The mystery and mastery of double patenting
Double patenting is a mysterious issue. On the one hand, many patent systems (including the European Patent Convention [EPC] and Italian systems) don’t have any express provisions prohibiting double patenting, but it seems to be commonly accepted as an implicit principle.
On the other hand, double patenting is only occasionally subject to patent litigation, but it is of fundamental importance for developing patent strategies based on divisional applications. For example, the Italian Patent and Trademark Office quite often issues rejections or asks for clarifications when a voluntary divisional application is filed.
In this context, the present article tries to shed some light on this issue. To this end, the following situations—where double patenting most commonly arises—will be briefly analysed: (a) divisional application; (b) internal priority; and (c) European patent claiming priority to national filing and validated in that country.
A threat for divisional patent applications?
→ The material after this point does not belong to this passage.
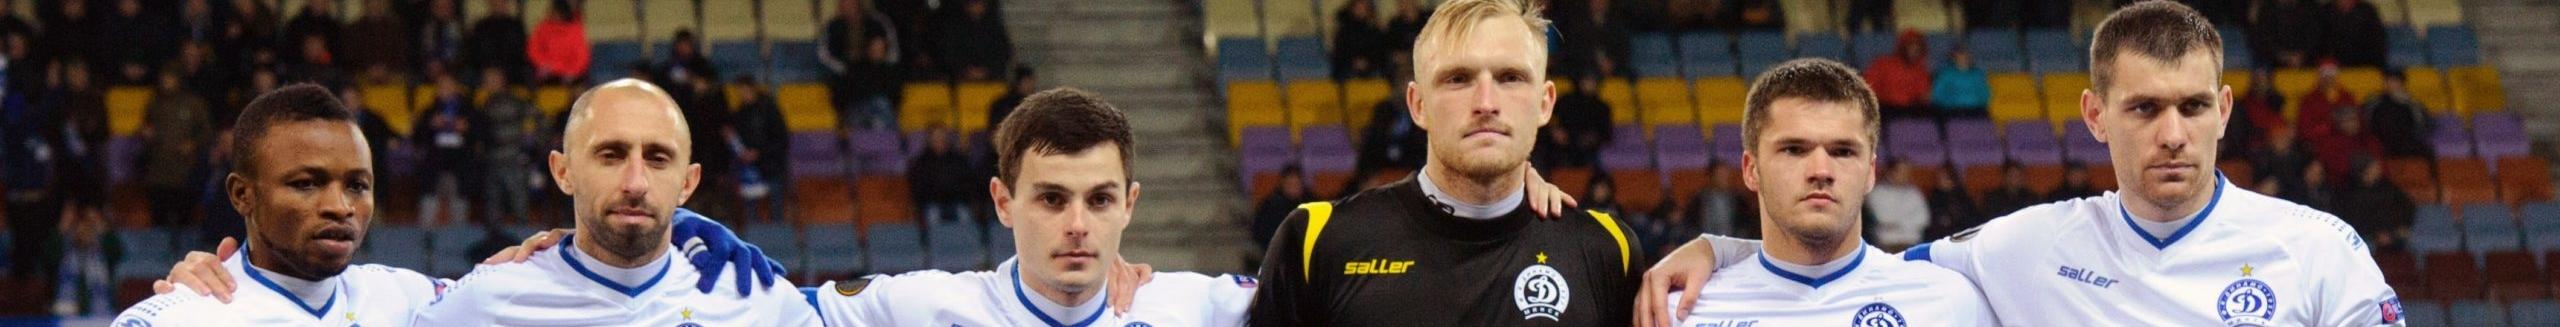 FC Minsk-Dinamo Minsk, è subito derby: analisi quote e scommesse

In situation (a) the prevailing case law of the European Patent Office (EPO), namely decisions G1/5 and G1/6, recognises double patenting on the basis that an applicant has no legitimate interest in obtaining two patents granted for the same invention. Substantially the same language can also be found in the EPO guidelines C-IV,7.4.
Decision T0318/14 was faced with the question as to whether the same principle (a lack of legitimate interest) could be applied to situation (b), as had a previous decision, T1423/07 (although, in that case, the applicants were not the same).